11 parti In corso Ia berdiri sedikit terpisah dari kerumunan, nyaris tak mencolok. Seorang laki-laki, tak jauh lebih tua dari Kanaya, dengan kamera tergantung di leher dan tangan yang bergerak cekatan menyesuaikan fokus lensa. Gerakannya halus, penuh perhitungan, dan entah bagaimana terasa seperti sesuatu yang sangat familiar bagi semesta.
Lalu, tatapan mereka bertemu.
Hanya sedetik, atau bahkan kurang, mata mereka bertemu di tengah riuhnya pidato dan langkah kaki siswa baru. Mata itu gelap, dalam, penuh ketenangan yang anehnya justru mengguncang. Tidak ada senyum basa-basi atau gestur canggung seperti orang yang tertangkap sedang diperhatikan. Ia hanya menatap. Singkat, lalu kembali ke kameranya seolah dunia Kanaya tak pernah bersinggungan dengan dunianya.

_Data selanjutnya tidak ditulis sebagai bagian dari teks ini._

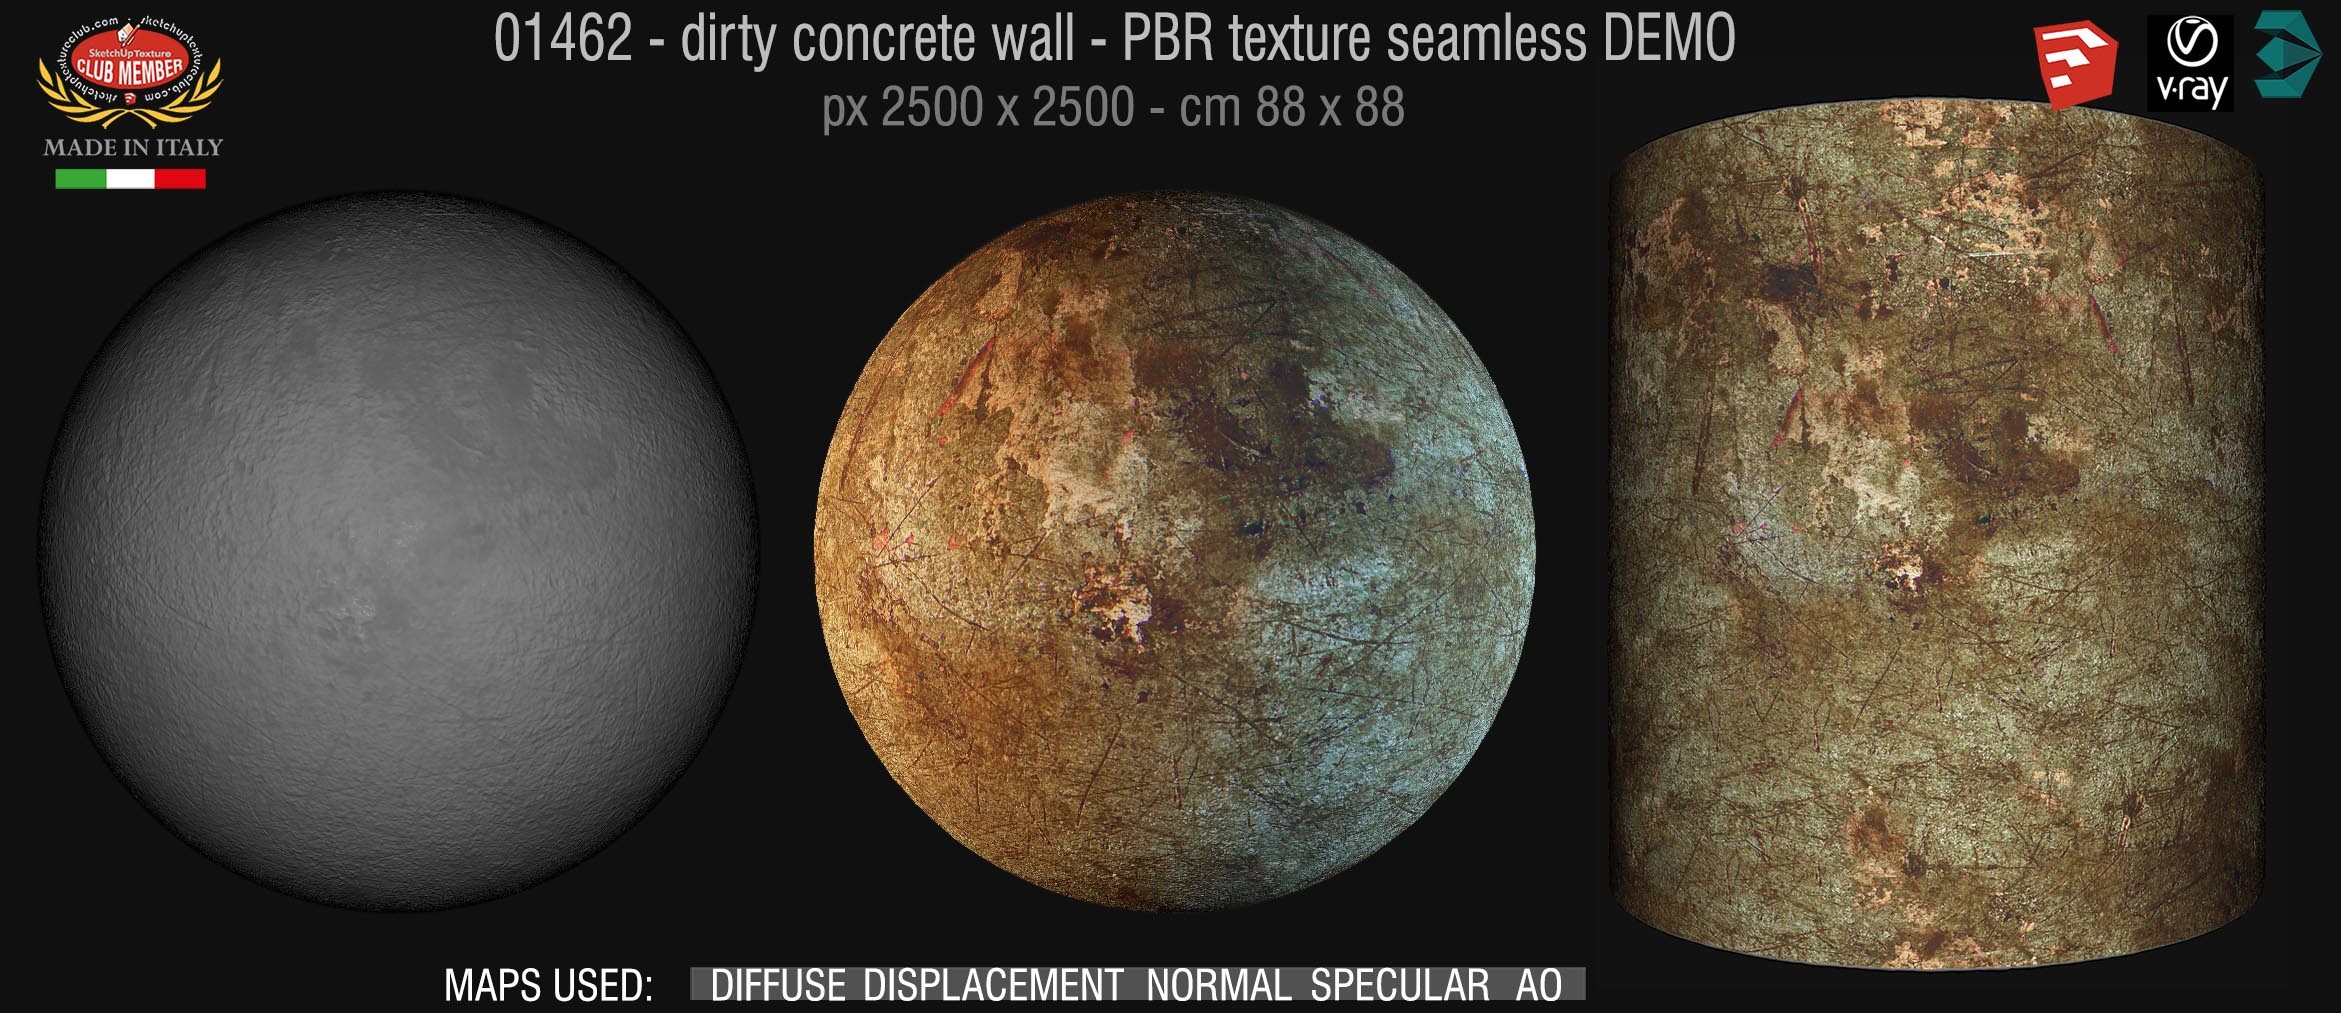 01462 Concrete bare dirty wall PBR texture seamless DEMO

Namun, dunia Kanaya berubah.
Jantungnya berdetak tak beraturan, seolah iramanya tak lagi patuh pada hukum yang biasa. Ia menarik napas perlahan, mencoba menstabilkan diri, tapi dadanya terasa seperti sedang memeluk sesuatu yang baru dan belum ia pahami bentuknya.
Tidak mungkin.
Tidak mungkin ia merasakan ini.
Kanaya Ayudya tidak percaya pada cinta pada pandangan pertama. Tidak pernah. Baginya, perasaan bukan sesuatu yang muncul dalam satu kedipan mata. Cinta adalah proses. Adalah pengenalan, pemahaman, percakapan panjang, tawa yang tumbuh, dan momen-momen yang tidak selalu manis. Ia selalu percaya bahwa hati bekerja dengan waktu, bukan kejutan.
Tapi pagi itu, seluruh definisinya retak. Bukan hancur, tapi berubah. Bergeser.
Karena pagi itu, di bawah langit yang masih muda, di antara suara pidato kepala sekolah dan deru angin yang menyapu dedaunan, di antara ratusan siswa yang berdiri dengan seragam putih abu-abu yang masih bersih tanpa noda...
Ia telah jatuh cinta.
Tanpa aba-aba. Tanpa alasan. Tanpa rencana.
Dan pada saat itu, ia sedang memulai kisah yang belum ia duga akan menjadi penting.